Aspects morphologiques du développement du cancer colorectal

Le cancer colorectal est un adénocarcinome dans l’immense majorité des cas (97 %), c'est-à-dire que c’est un cancer développé aux dépens de l’épithélium (revêtement superficiel) de la muqueuse colorectale, épithélium qui s’invagine pour former les glandes (ou cryptes) de Lieberkühn.

La première étape du développement du cancer colorectal est l’apparition d’une hyperprolifération de l’épithélium colique.

Au plan morphologique, la première anomalie décelable est le foyer de cryptes aberrantes (FCA). Il s’agit de cryptes au calibre élargi entourées d’un épithélium épaissi avec une mucosécrétion diminuée. Il en existe deux formes, hyperplasiques et dysplasiques. Les formes dysplasiques sont caractérisées par une stratification des noyaux, une présence de mitoses dans les deux tiers superficiels des cryptes et une raréfaction des cellules caliciformes. Elles représentent à peu près 5 % des FCA et sont l’équivalent de micro-adénomes. Les FCA ne sont pas visibles en routine en coloscopie. Leur détection nécessite l’utilisation de vidéo-endoscopes à optique grossissante (zoom) et de colorants (chromoendoscopie au bleu de méthylène).

La prolifération anormale de cellules immatures incapables d’envahir le chorion tend à s’accumuler dans et au-dessus de la muqueuse et aboutit à la formation d’un polype adénomateux. Il s’agit d’une véritable lésion précancéreuse qui correspond déjà à l’expansion clonale de cellules mutées. Certains polypes adénomateux vont augmenter de taille et être le siège de modifications morphologiques progressivement croissantes appelées dysplasie.

La dysplasie comprend des anomalies cellulaires (nucléaires et cytoplasmiques) et architecturales. Il s’agit d’une véritable lésion néoplasique, strictement limitée à l’épithélium, sans infiltration de la membrane basale (synonyme = néoplasie intra-épithéliale). Les anomalies sont d’intensité variable classées en dysplasie de bas grade et de haut grade. Le risque d’évoluer vers un cancer est d’autant plus grand que la dysplasie est plus sévère, de haut grade.

Lorsque les anomalies cellulaires et architecturales sont majeures mais que la membrane basale n’est pas franchie par les cellules tumorales, certains utilisent le terme de cancer in situ (synonymes = cancer intra-épithélial ou cancer stade 0). D’autres conseillent d’éviter ce terme considérant qu’il n’est pas possible de distinguer ces anomalies de celles d’une dysplasie de haut grade et préfèrent réserver le terme de cancer aux lésions indiscutablement malignes ayant franchi la membrane basale.

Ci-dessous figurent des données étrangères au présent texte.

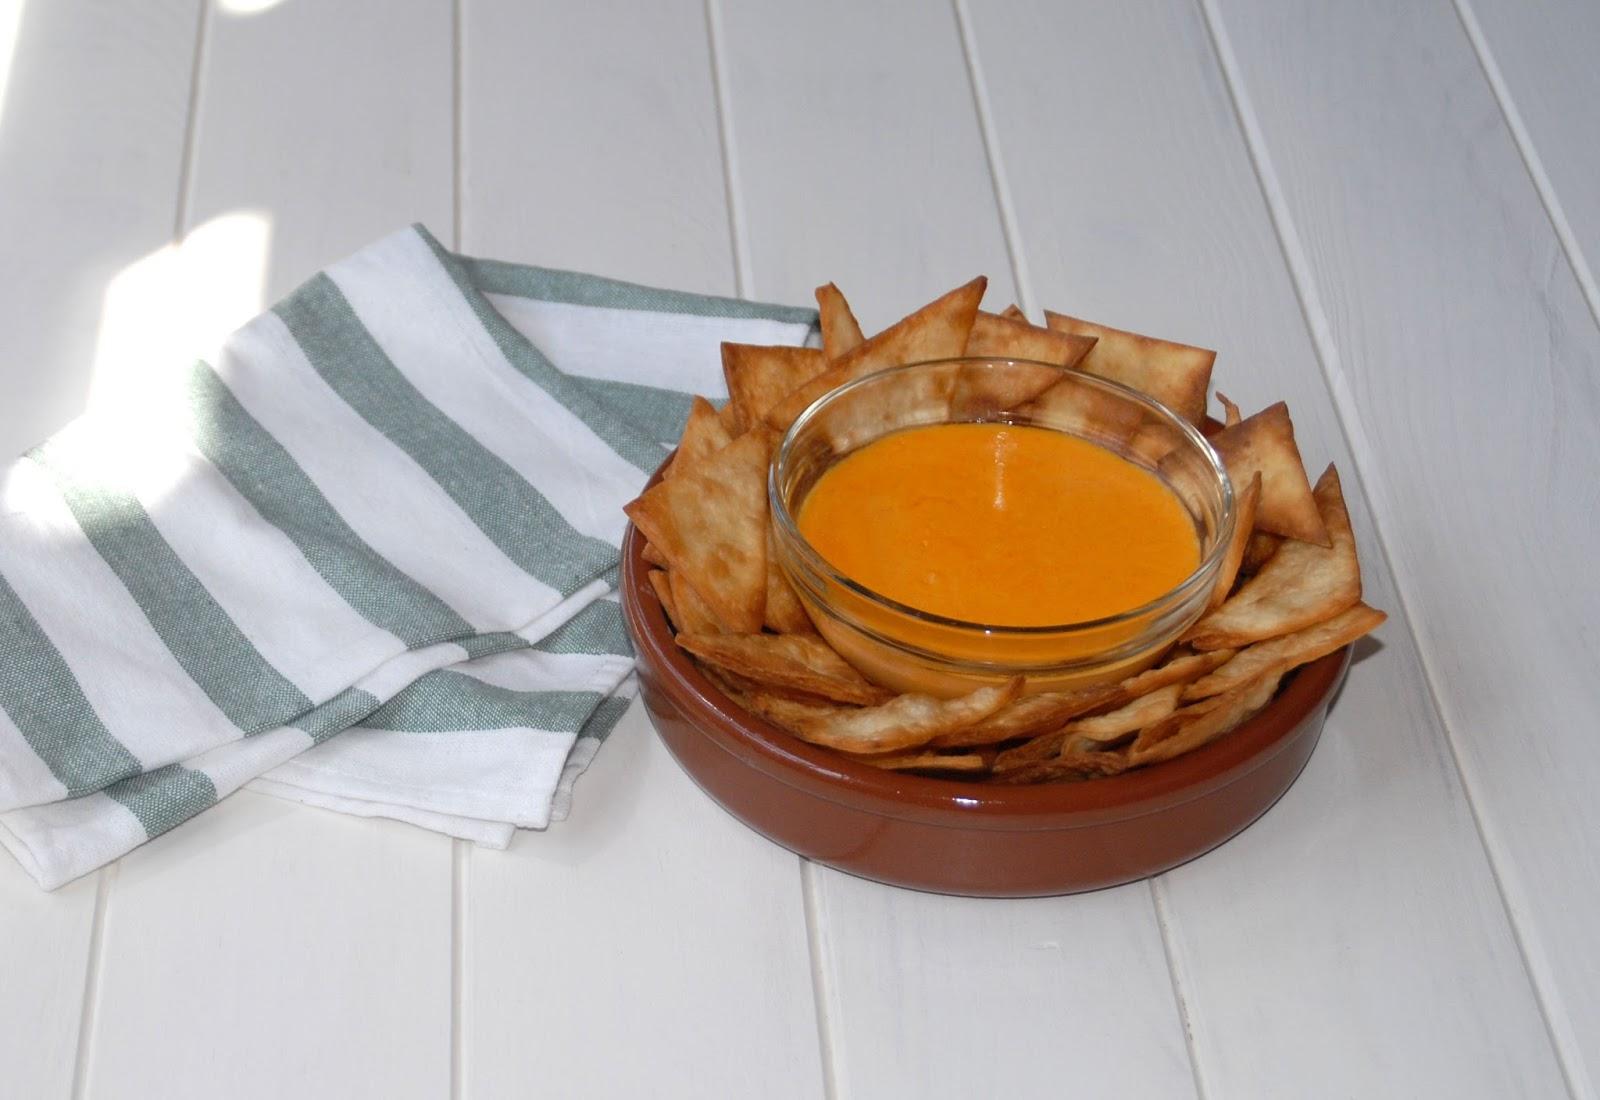 Receta de nachos rápidos con salsa de queso cheddar para dippear

L’effraction de la membrane basale (lame basale) périglandulaire avec invasion du chorion muqueux définit l’étape de transformation adénocarcinomateuse. Le foyer d’adénocarcinome est d’abord superficiel, strictement intramuqueux, limité au chorion entourant les glandes, sans franchissement de la musculaire muqueuse. Stricto sensu, on peut parler dès ce stade d’adénocarcinome invasif.

En fait, pour les adénocarcinomes coliques, il est habituellement admis de réserver le terme d’adénocarcinome invasif aux lésions qui dépassent la musculaire muqueuse. En effet, il est difficile de distinguer les adénocarcinomes in situ des adénocarcinomes intramuqueux. La lame basale, dont le franchissement détermine le passage à l’adénocarcinome intramuqueux, est difficile à suivre, notamment après résection endoscopique. D’autre part, seuls les adénocarcinomes dépassant la musculaire muqueuse sont susceptibles d’engendrer des métastases. Il n’y a pas de capillaire lymphatique dans le chorion superficiel de la muqueuse colorectale et aucune dissémination lymphatique d’adénocarcinome atteignant la musculaire muqueuse sans la dépasser n’a jamais été décrite. Ces deux types d’adénocarcinome in situ et intramuqueux sont confondus dans la classification TNM en un seul stade Tis.

Après franchissement de la musculaire muqueuse, le foyer d’adénocarcinome s’étend progressivement en profondeur dans la paroi colorectale, d’abord dans la sous-muqueuse, puis dans la musculeuse, puis dans la sous-séreuse et, le cas échéant, la séreuse. L’extension en profondeur de l’adénocarcinome est un facteur pronostique important et doit être évaluée, conformément aux recommandations de la conférence de consensus de 1998 sur le cancer du colon, selon la classification TNM.

A un stade tardif de l’évolution du cancer colorectal, les cellules malignes génétiquement instables accumulent les mutations et certains clones acquièrent la capacité de métastaser.